Такой подход поможет вам понять, что именно вы преувеличиваете, и как именно вы можете оспорить свою первую реакцию. Например: “Он оскорбил меня в присутствии множества свидетелей, мне этого не вынести!”. Но неужели вы действительно не сможете этого пережить? Неужели вы обязаны завоевывать любовь и уважение первого встречного вам человека? Неужели для вас так важно мнение окружающих вас людей (пассажиров в троллейбусе), с которыми вы, возможно, видитесь первый и последний раз в жизни?
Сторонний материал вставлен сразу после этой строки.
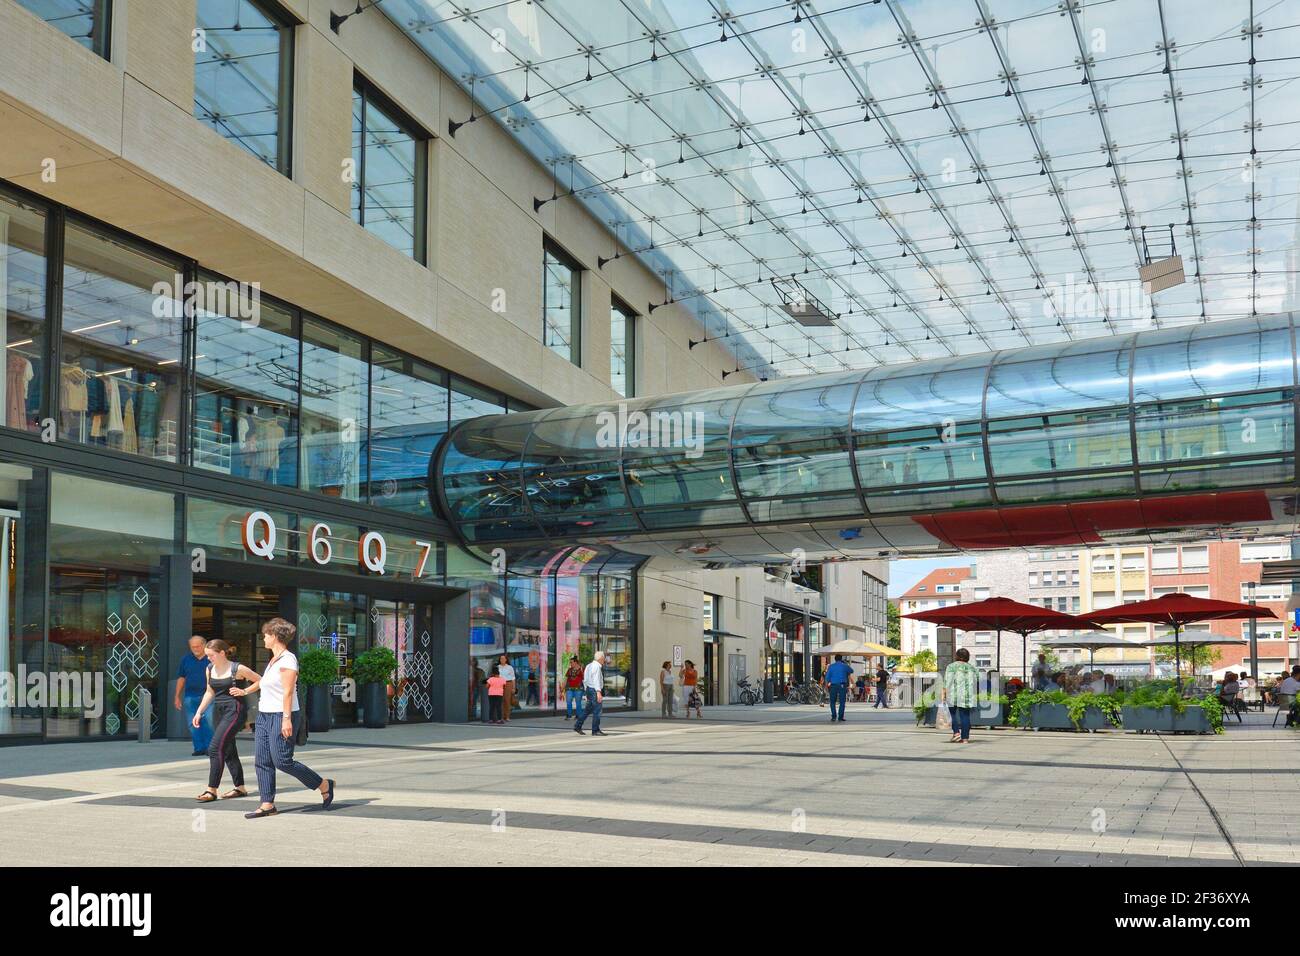 Mannheim, Germania - Luglio 2019: Ingresso del grande e moderno centro commerciale chiamato 'Q6 Q7' con persone nel centro di Mannheim Foto Stock

Разрешение конфликтов в общественном транспорте На четвертом, последнем этапе анализа спросите себя: “Какими разумными рассуждениями я могу заменить “неразумные” мысли, возникшие на первом этапе?” Начните в этом случае со слов: “Я бы предпочел…”, “Было бы лучше, если…” и т.д. Для того чтобы выразить свои чувства, используйте выражения типа: “Не повезло…”, “Мне мешает (или неудобно)…”. Даже если вам удастся подобным образом проанализировать ситуацию уже “после драки”, так сказать, вы сможете избежать нагнетания страха, самобичевания и преувеличения важности происходящего и сведете к минимуму переживания, злобу, обиду, уныние и чувство вины. Сначала может показаться, что этот метод отнимает много времени, но, используя его постоянно, Вы вскоре будете тратить на это всего несколько минут.
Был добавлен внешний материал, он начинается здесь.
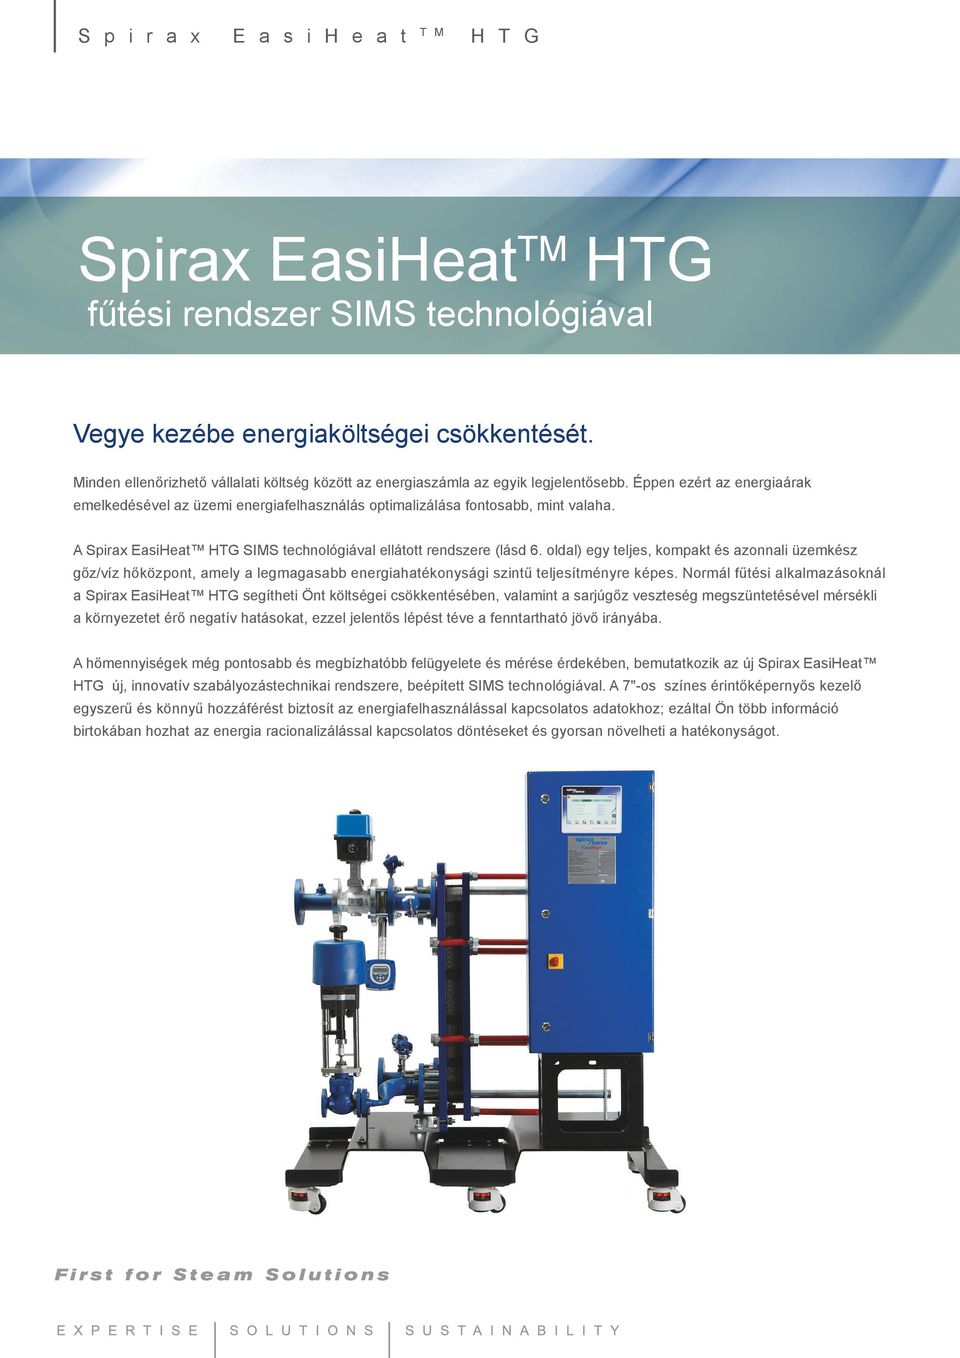 A Spirax EasiHeat HTG SIMS technológiával ellátott rendszere (lásd 6.

Для иллюстрации МирСоветов приведет еще один пример конфликтной ситуации, часто имеющей место в общественном транспорте. Молодая привлекательная женщина входит в троллейбус с целью проехать всего одну остановку. Подходит кондуктор. Женщина протягивает ему купюру в 200 гривен (других денег у нее не было). Кондуктор не находит сдачи и отдает деньги обратно владелице. В этот момент трамвай останавливается на следующей остановке. Женщина выходит, а вслед ей несется гневно-ироничная реплика кондуктора: “Так всегда и делайте!”, тон которой не оставляет сомнений в том, что действия пассажирки расценены как злонамеренные. Для человека чувствительного, каковым и являлась наша пассажирка, этого достаточно, чтобы настроение было испорчено на длительное время.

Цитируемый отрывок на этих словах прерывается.